What to produce.
Pictures aside, the output must consist of the lines from the one containing "Rock Candy Slices 冰片糖 (1 LB)" through the end of the data, reproduced exactly.
===== Recorded data
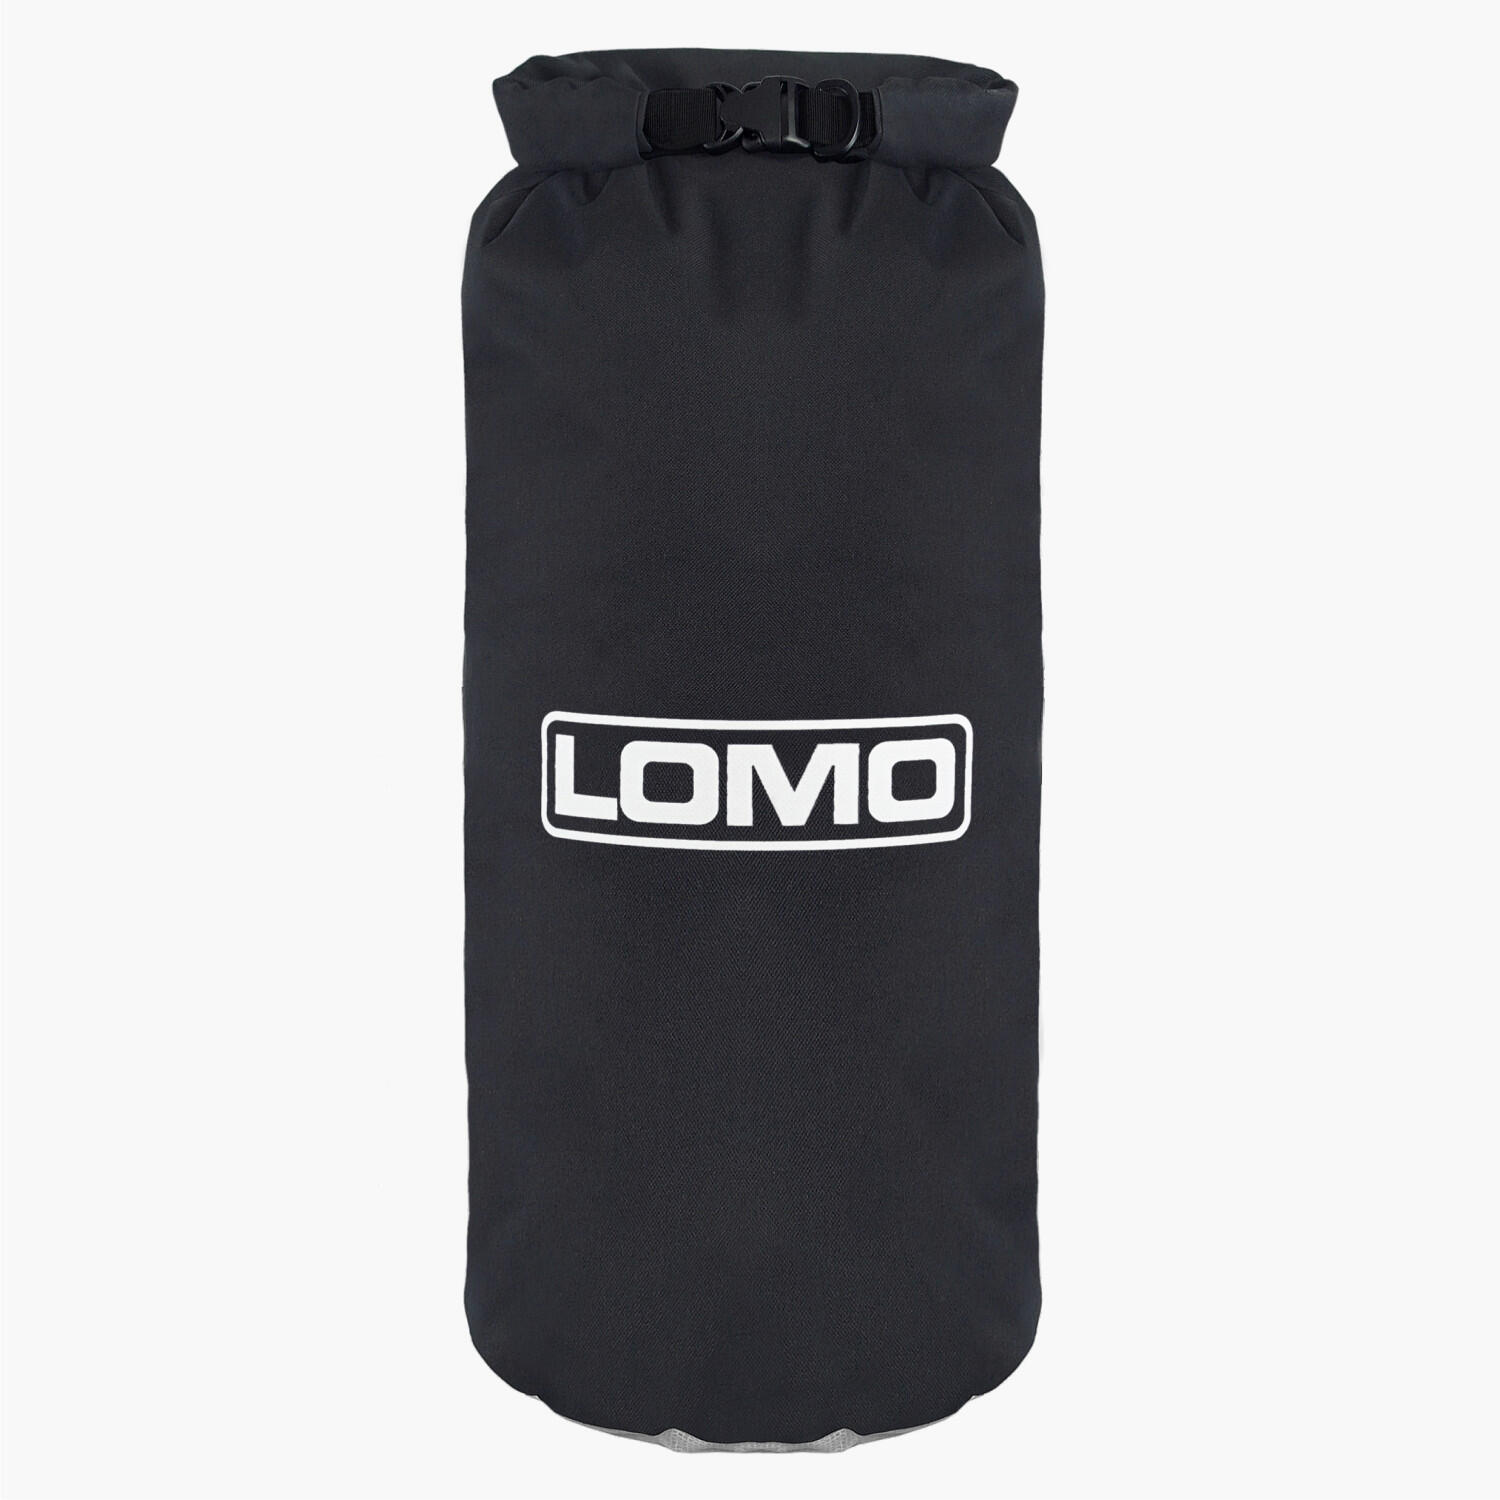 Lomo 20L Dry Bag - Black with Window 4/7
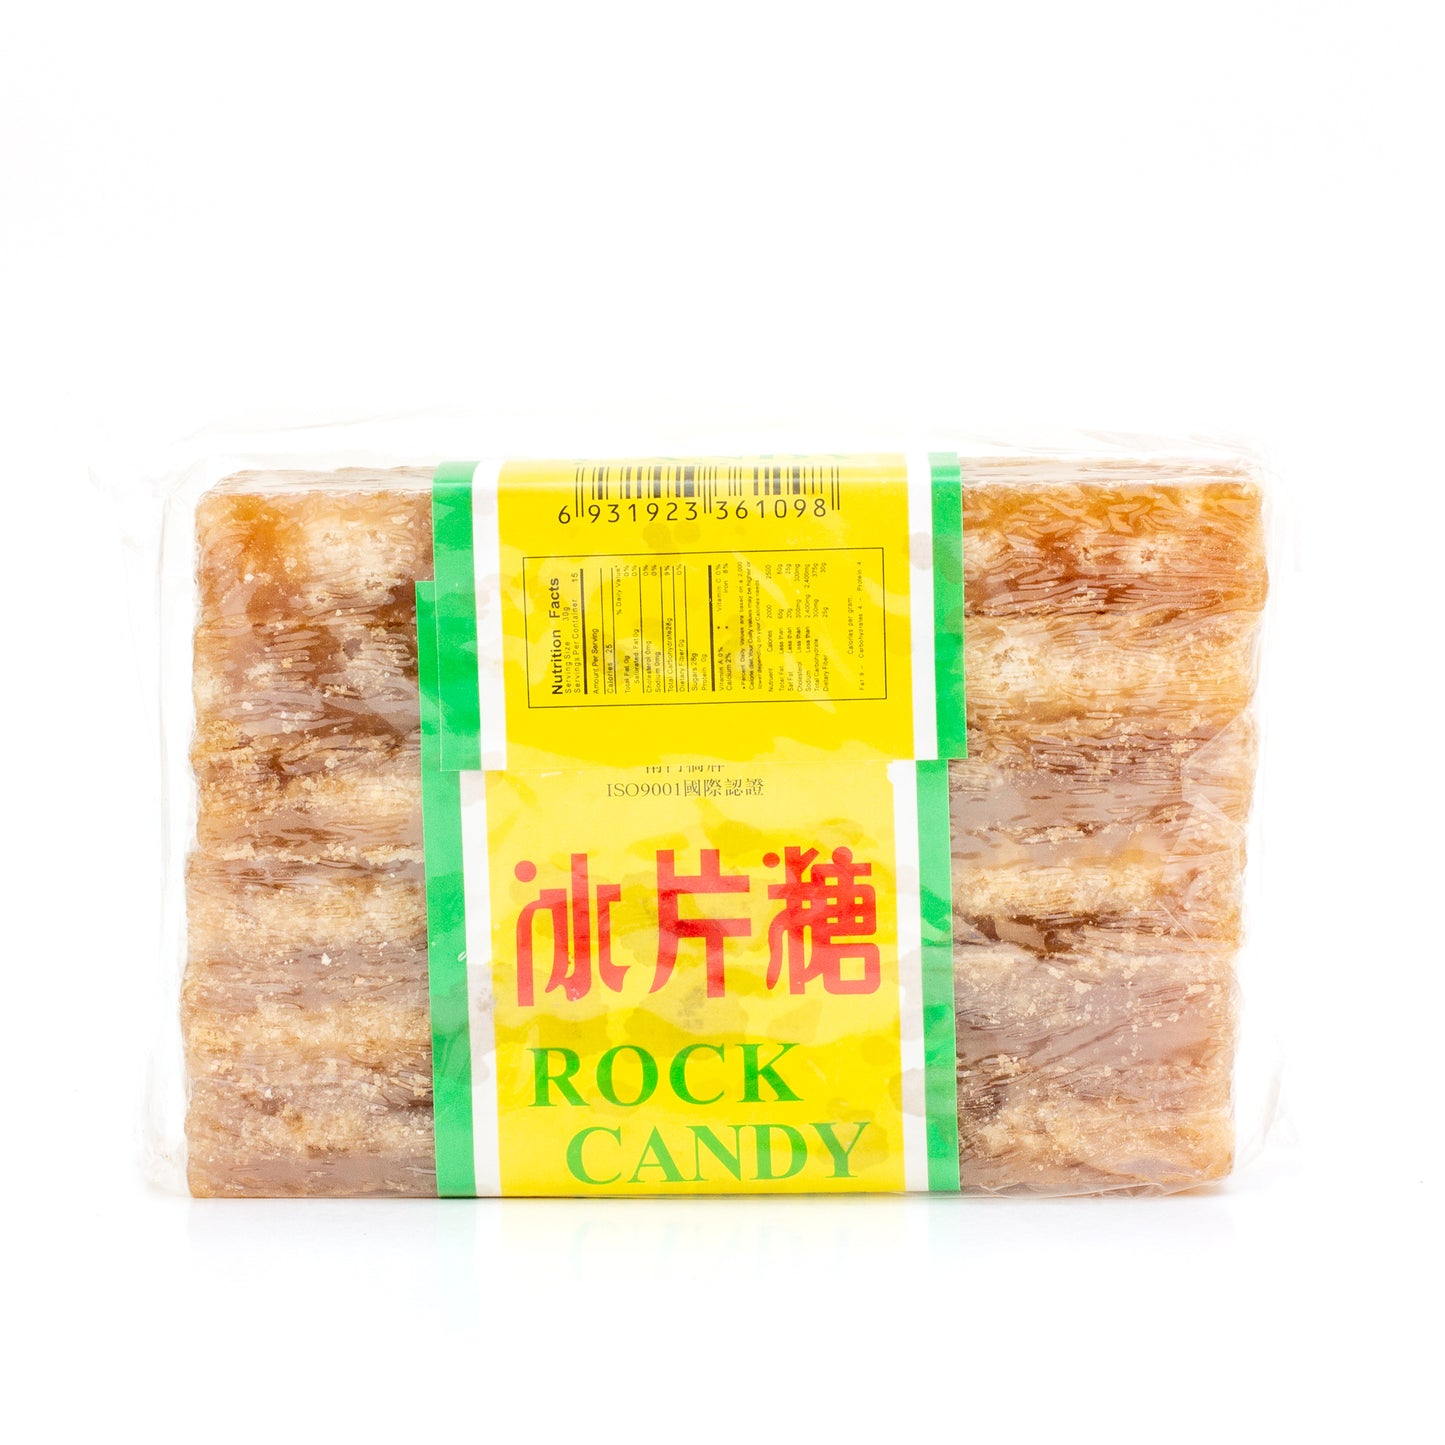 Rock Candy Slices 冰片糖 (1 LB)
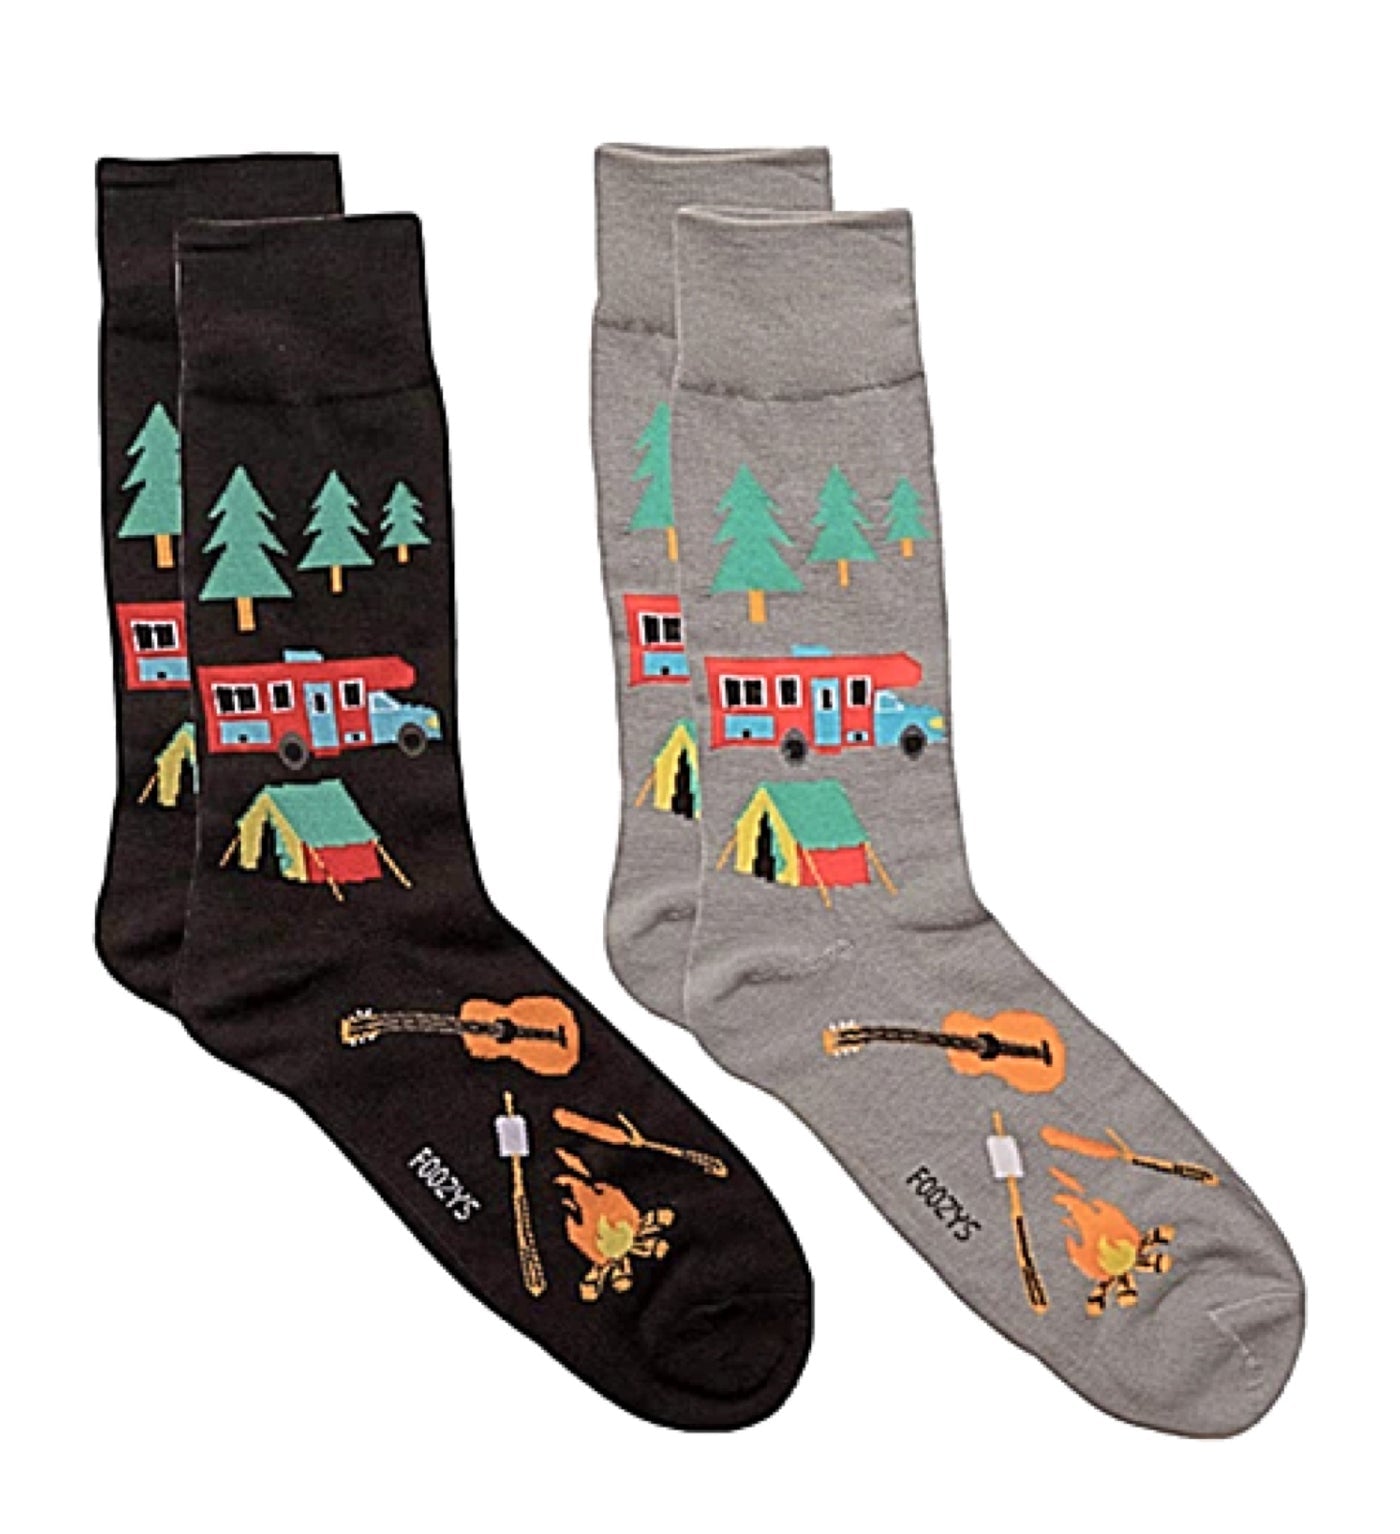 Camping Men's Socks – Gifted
==========
Response area.
 Rock Candy Slices 冰片糖 (1 LB)
 Camping Men's Socks – Gifted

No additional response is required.